Frente al poder de mi hermana, mis preparativos parecen verdaderamente
insignificantes.
Pero es todo lo que tengo.
Sonia y yo estamos fuera, sentadas en el pequeño patio trasero de Milthorpe
Manor. No es tan amplio como los jardines de Birchwood ni igual de
silencioso, pero los verdes y exuberantes arbustos y las preciosas flores que
rodean el patio de piedra lo convierten en cierto modo en un refugio frente al
caos y la polución de Londres. Estamos sentadas codo con codo en sillas
idénticas, tomando el sol con los ojos cerrados.
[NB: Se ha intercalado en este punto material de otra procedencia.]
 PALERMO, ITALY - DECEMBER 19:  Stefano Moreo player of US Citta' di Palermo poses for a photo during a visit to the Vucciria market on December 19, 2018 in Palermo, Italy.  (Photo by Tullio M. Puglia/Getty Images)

—¿Voy a por una sombrilla? —pregunta Sonia, como si se sintiera
lejanamente obligada a proponerlo. Pero lo hace con voz desganada y sé que,
en realidad, le trae sin cuidado que estemos o no protegidas del sol.
No abro los ojos.
—Creo que no. Ya luce bastante poco el sol en Inglaterra. No pienso
hacer nada para protegerme de él.
La silla que tengo al lado cruje e intuyo que Sonia se ha girado para
mirarme. En cuanto comienza a hablar, percibo una risa burlona en sus
palabras.
—Seguro que las londinenses de piel de porcelana corren a ponerse a
cubierto en un día como este.
Yo levanto la cabeza, protegiéndome los ojos con la mano.
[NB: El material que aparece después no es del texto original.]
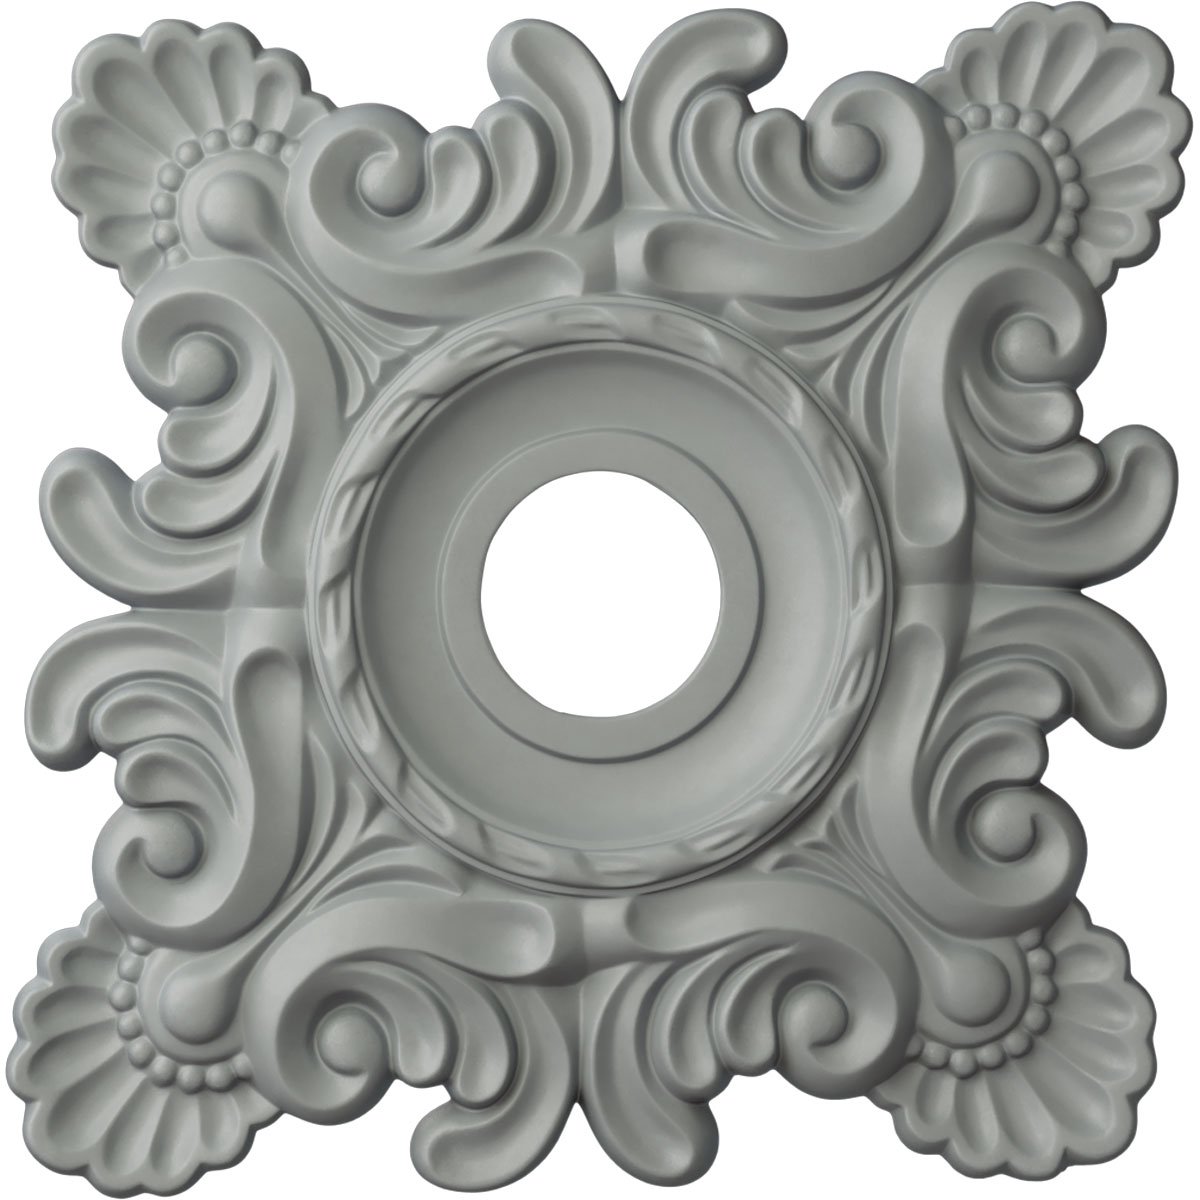 18-Inch W x 18-Inch H x 3 1/4-Inch ID x 1 1/2-Inch P Crawley Ceiling  Medallion (Fits Canopies up to 6 3/4-Inch )

—Bueno, sí, lo siento por ellas. Agradezco enormemente no ser una de
esas londinenses.
La brisa que flota en el jardín se lleva la carcajada de Sonia.
—¡Y yo también!
Ambas nos giramos en dirección a la casa al oír desde el patio el vocerío.
Parece una discusión, aunque jamás he oído discutir al servicio.
—¿Qué pasará…?
A Sonia no le da tiempo a terminar su reflexión, pues de pronto se oye
cada vez más claro el sonido de unas botas, mientras las voces se acercan y
suben de volumen. Nos miramos alarmadas y nos ponemos en pie al tiempo
que captamos retazos de la discusión.
—¡… bastante ridículo! No tienes por qué…
—Por el amor de Dios, no…
Primero aparece una mujer joven por la esquina, Ruth la sigue pegada a
sus talones.
—Lo siento, señorita. Traté de explicarle…
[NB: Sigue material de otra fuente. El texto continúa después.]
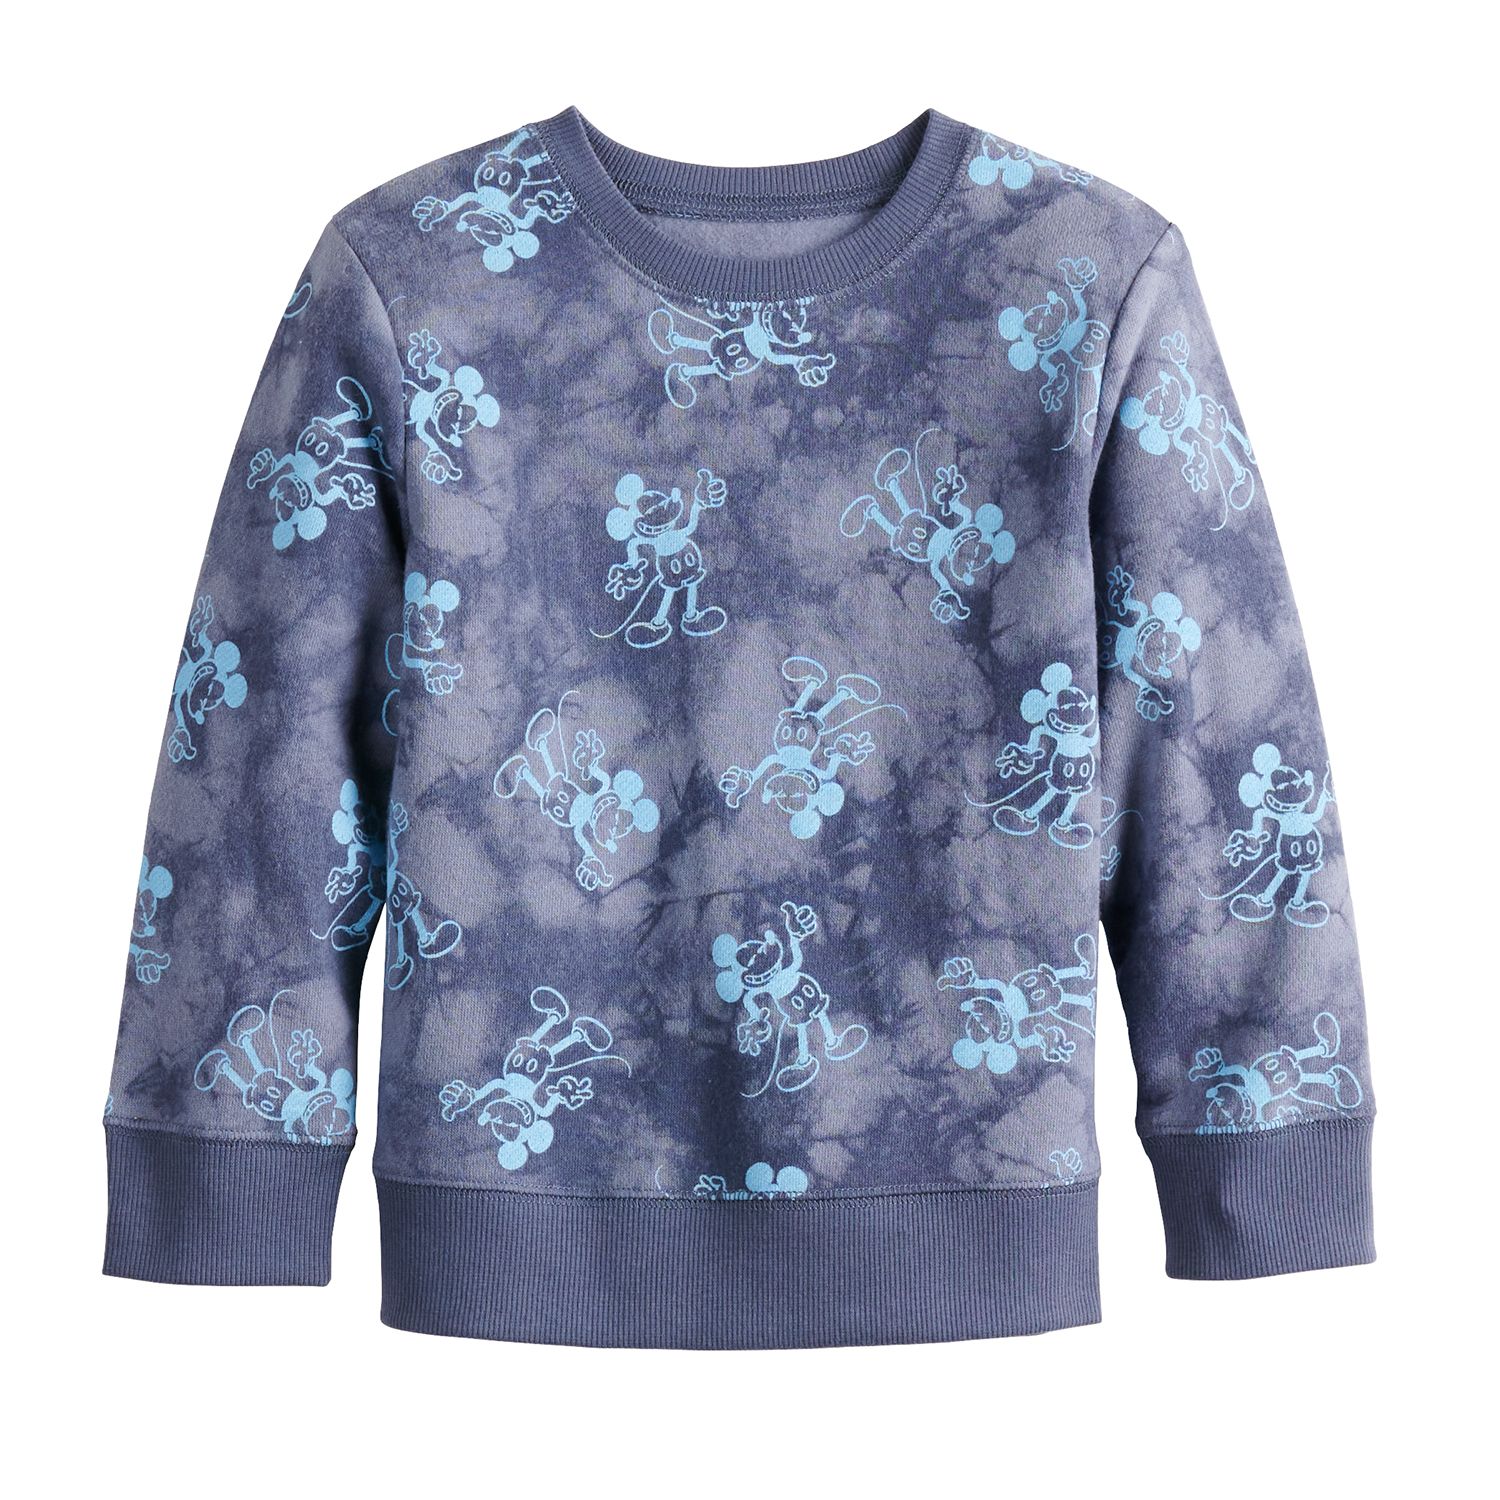 Image for Disney/Jumping Beans Disney's Mickey Mouse Toddler Boy Fleece Tie Dyed Sweatshirt by Jumping Beans® at Kohl's.

—¡Y yo trataba de explicarle a ella que no hace falta que nos anuncie
como si fuésemos unos desconocidos!
—¿Luisa?
La nariz aguileña, la exuberante cabellera castaña y los gruesos labios
rojos son inconfundibles, pero aun así no puedo creer que tenga delante a mi
amiga.
No le da tiempo a contestar, pues dos figuras más aparecen de inmediato
tras ella. Estoy tan sorprendida que me quedo sin palabras. Menos mal que a
Sonia no le faltan.
—¡Virginia! Y… ¿Edmund? —dice.
Continúo parada un instante más, deseosa de asegurarme de que aquello
es real y no un sueño. Cuando Edmund sonríe, apenas es un rastro de la
sonrisa espontánea que mostraba cuando aún vivía Henry, pero me basta. Me
basta para sacudirme de encima la conmoción.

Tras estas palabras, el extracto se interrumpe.